You are a treasure-hungry pirate eager for infamy as you set out across the Indian Ocean, tracking down treasure chests, plundering seaside towns, and, most prominently, battling other ships on the high seas. On-foot activity is reserved for social spaces and the most minimal of story development – the entirety of action unfolds on the water, where you develop an impressive array of ships and weaponry through your ill-gotten gains.

Launching where the maritime voyages of the Assassin’s Creed games left off, I enjoyed the deliberate pacing of sea exploration and movement, punctuated by the regular interruption of cannon fire and mortars. Especially in the early hours, I was often transfixed by the sights and sounds of moving across the water, listening to my crew’s sea shanties, watching for breaching whales, and using my spyglass to spot distant shipwrecks. It’s a big and beautifully crafted world of island-rich open waters and tricky narrow riverways.

Combat has just enough complexity to remain entertaining as you balance turning speed, facing, and aiming to maximize damage output while dodging or bracing against the worst attacks of your opponents. The real fun comes from building and tweaking your boat as an engine of destruction; the variety of ship builds and approaches to fighting kept me consistently interested in chasing that next upgrade. I appreciated the approach to tracking specific items and upgrades, with clear markings on the map for where to find what you want. Because of that, it becomes about whether you have enough money to buy something or a powerful enough ship to take it.

The bulk of play is PvE encounters against privateers, merchants, and corporation ships, played either solo or cooperatively. Even if the open servers allow for both structured and informal PvP, my anecdotal experience was that most players were focused on their own adventures. If they joined a battle, it was often to help out. Your mileage may vary, but I liked the mix of mostly campaign-style progression with the option to connect with other players when I wanted.

Beyond ramming and blowing up other ships, Skull and Bones’ other core pillar is commerce. Ubisoft has built a robust trading system, the most lucrative of which involves illicit rum and opium shipments. I appreciated how the game allows players to choose how much they want to engage here. The selling of commodities gathered from sunken ships is the most superficial layer, but you can also run your own manufacturing and delivery contracts for higher sums. And as you round the corner into the endgame, an entire kingpin empire opens up, letting you take over lumberyards and other factories to generate income passively.

The pirate life eventually wears out its welcome; many of the game’s most significant problems only arise after many hours of play. While it’s fun in the early hours getting your bearings in an unfamiliar sea, later side and main missions become painfully repetitive. Long ocean voyages start to lose their charm, and a fast travel system that only works from port feels increasingly restrictive since you’re often eager to return to a mission giver to keep the action moving.

The freeform progression that was so welcome in the early hours also causes problems over time, as it’s too easy to be over- or under-leveled for certain content you might wish to confront, robbing many encounters of tension since the winning party is so evident from the outset.
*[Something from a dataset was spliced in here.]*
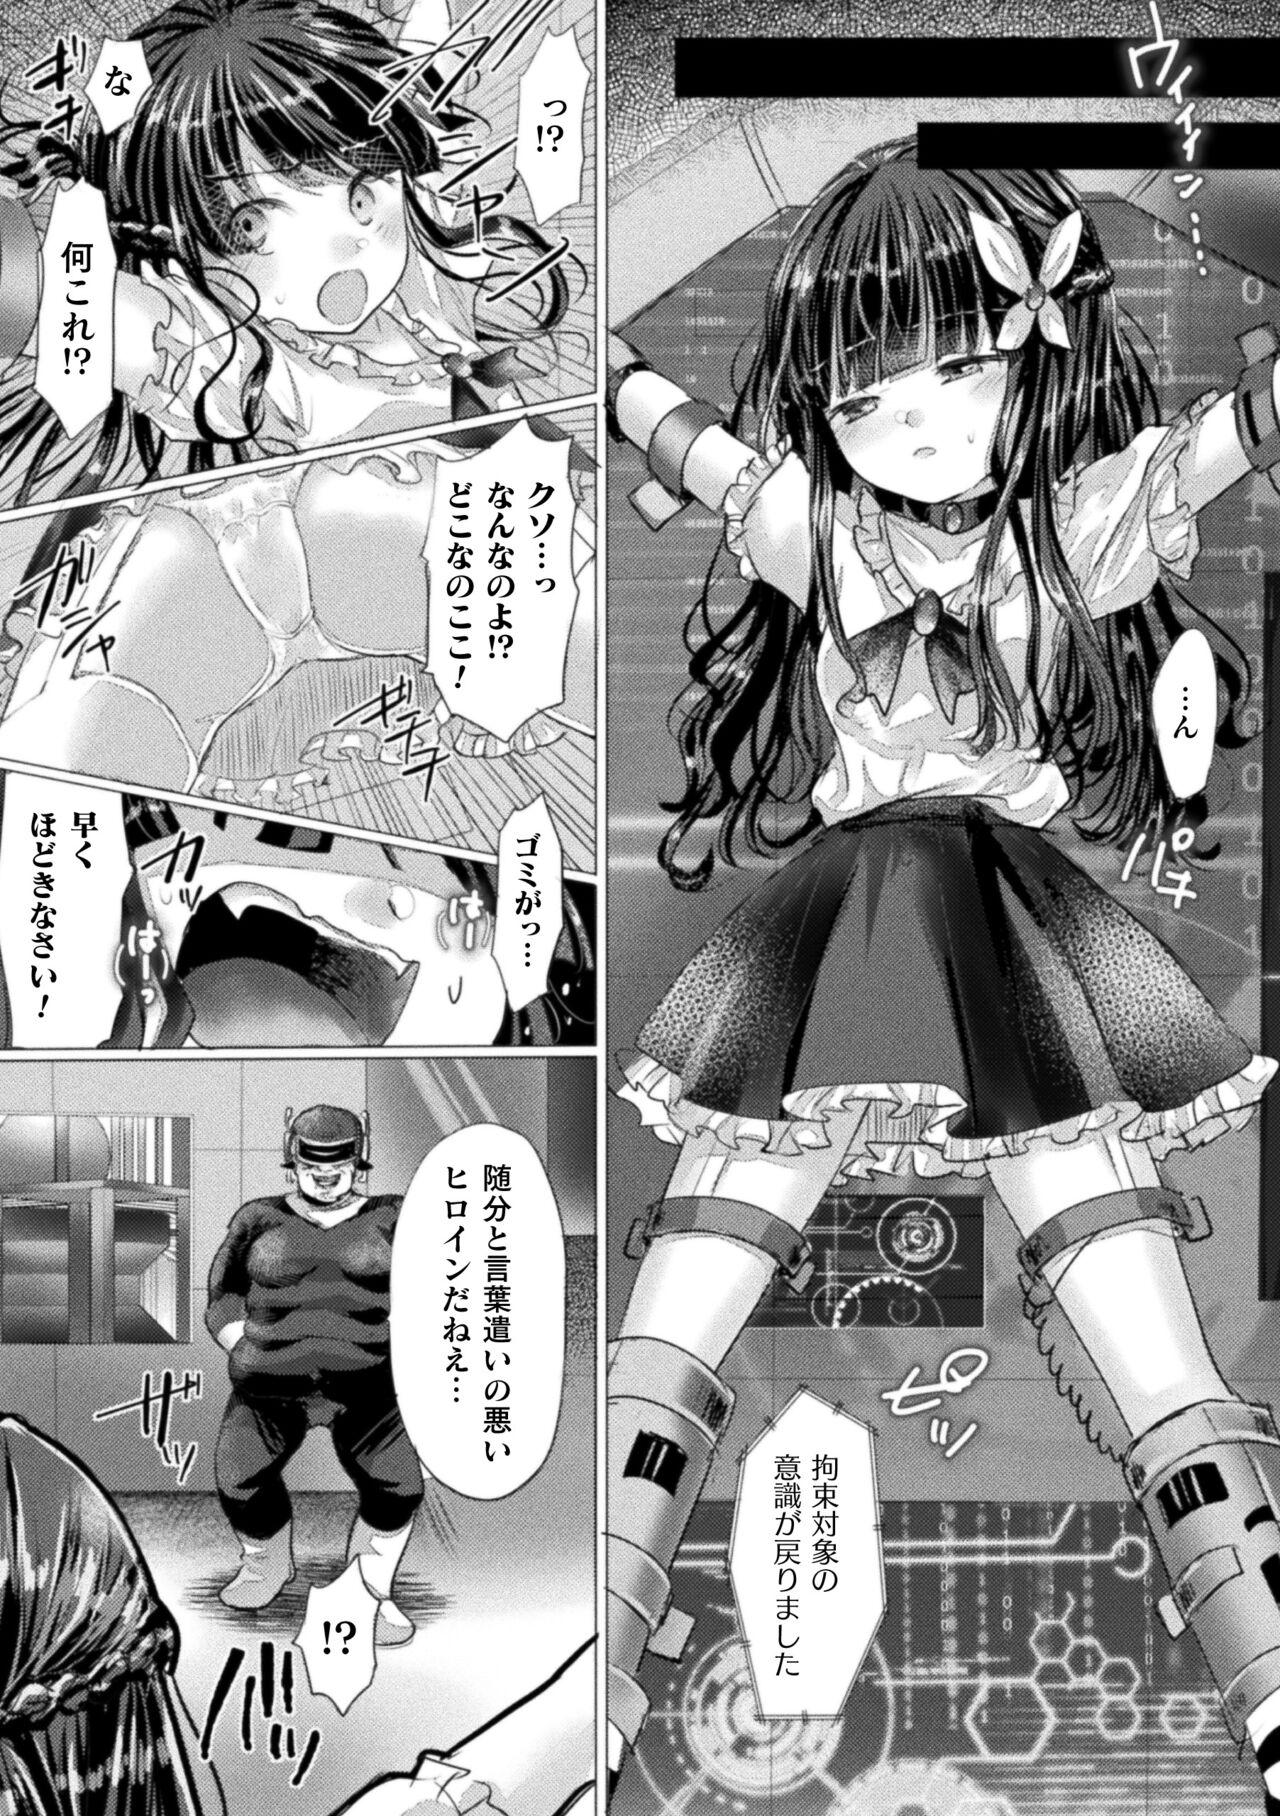 2D Comic Magazine Mesugaki Henshin Heroine Kikaikan Seisai Hijou no Wakarase Machine de Renzoku Loli Acme Vol. 3 49

The storytelling is incredibly sparse, led by very few core contacts, all of whose arcs are pretty one-note. And while it’s nice that you can customize the look of your pirate captain, their voiceless absence of personality feels especially ill-suited to the big personalities you expect in a classic pirate tale. 

Nonetheless, the combination of building a commerce empire, sea monster hunts, engaging in late-game PvE and PvP events, and the chance to continue tweaking and building your ideal pirate ship has appeal even after the core story missions wrap up, giving me hope that longterm endgame could be entertaining. And while it’s early days, I saw potential in the larger ship team-up activities I tried out, where each ship takes on specific roles like you might see in an MMO.

Despite its long and circuitous course to arrive at port, Skull and Bones is the type of game that may change significantly in the coming months. But to evaluate it as it stands, fellow pirate enthusiasts may discover what I did – a flawed but beautifully presented historical fantasy in which one can take to the water and make a fortune, even if absolutely everything about the pirate life isn’t always pretty.